Federal data inventory

Government agencies have starting publishing dataset "inventories," generally available as JSON files named data.json at agency domain roots (e.g. http://nsf.gov/data.json).

These files provide some basic information about datasets/databases the agency possesses, like the dataset name, how frequently it's updated, and whether it's public.

This repo consists of a scraper to get the data for yourself and includes some of the results, excluding large files.

Install/run for the first time

Make sure you have NodeJS installed.

Clone this repo, then install and run the scraper:

$ git clone https://github.com/datanews/data-inventories.git
$ cd data-inventories
$ npm install
$ node process.js

This scraper will do the following:

Go through all the federal .gov domains in the CSV provided by 18F and look for ones with a /data.json. The list of inventories found will be saved as data/inventory-list.json.
Download all those data.json files into the data/agencies/ directory (e.g. data/agencies/nsf.gov.data.json).

Note that some data.json files are duplicates. For example, the Consumer Financial Protection Bureau currently posts its data inventory in at least nine places:

http://consumerprotection.gov/data.json
http://consumerprotectionbureau.gov/data.json
http://consumerfinancialbureau.gov/data.json
http://consumerfinancial.gov/data.json
http://consumerfinance.gov/data.json
http://consumerbureau.gov/data.json
http://cfpb.gov/data.json
http://cfpa.gov/data.json
http://bcfp.gov/data.json

Also, some data.json files might just be random junk and not a dataset inventory, like what's currently at http://census.gov/data.json.

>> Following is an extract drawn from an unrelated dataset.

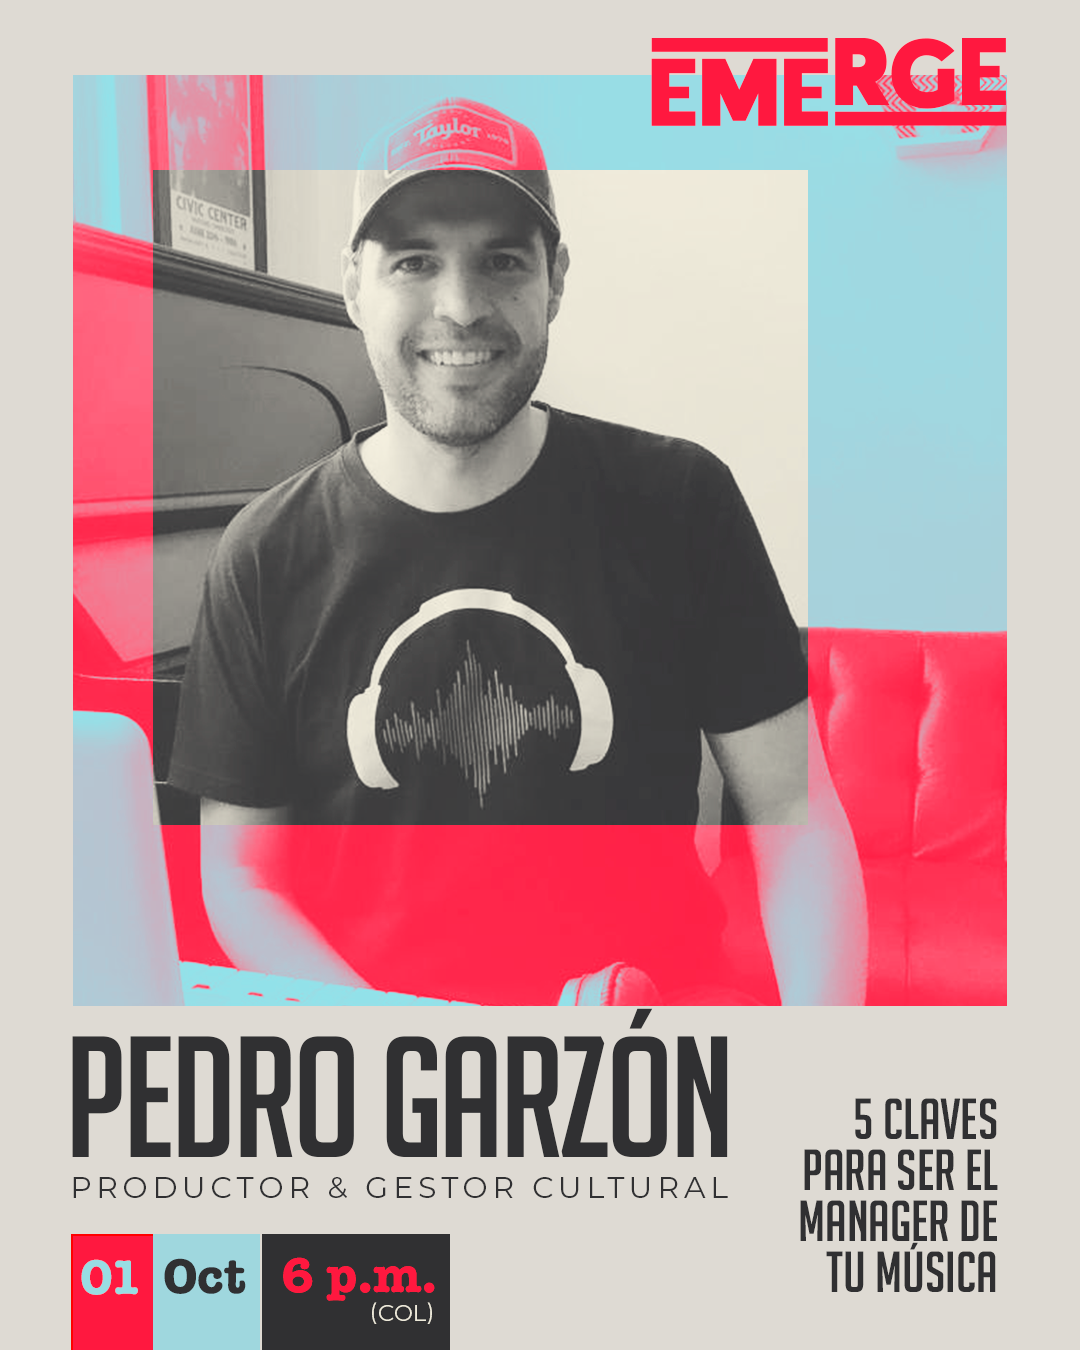 5 claves para ser el manager de tu música – Pedro Garzon

Create data/master-inventory.csv, a single combined CSV file with all of the datasets across all the inventories, de-duped. It only includes a few fields, but it's a good starting point to browse for datasets.
Create data/master-inventory.json, a single combined JSON file with all of the datasets across all the inventories, de-duped. This is a big file so it's not committed to the repo. You'll have to run the scraper yourself to generate it.

Refresh EVERYTHING

By default, the scraper will use any existing generated files, like the list of .gov domains. If you want it to fetch everything from scratch (much slower), add the refresh parameter:

$ node process.js refresh

Credits/License

By Alan Palazzolo and Noah Veltman

Available under the MIT license.

Permission is hereby granted, free of charge, to any person obtaining a copy of this software and associated documentation files (the "Software"), to deal in the Software without restriction, including without limitation the rights to use, copy, modify, merge, publish, distribute, sublicense, and/or sell copies of the Software, and to permit persons to whom the Software is furnished to do so, subject to the following conditions.

The above copyright notice and this permission notice shall be included in all copies or substantial portions of the Software.

THE SOFTWARE IS PROVIDED "AS IS", WITHOUT WARRANTY OF ANY KIND, EXPRESS OR IMPLIED, INCLUDING BUT NOT LIMITED TO THE WARRANTIES OF MERCHANTABILITY, FITNESS FOR A PARTICULAR PURPOSE AND NONINFRINGEMENT. IN NO EVENT SHALL THE AUTHORS OR COPYRIGHT HOLDERS BE LIABLE FOR ANY CLAIM, DAMAGES OR OTHER LIABILITY, WHETHER IN AN ACTION OF CONTRACT, TORT OR OTHERWISE, ARISING FROM, OUT OF OR IN CONNECTION WITH THE SOFTWARE OR THE USE OR OTHER DEALINGS IN THE SOFTWARE.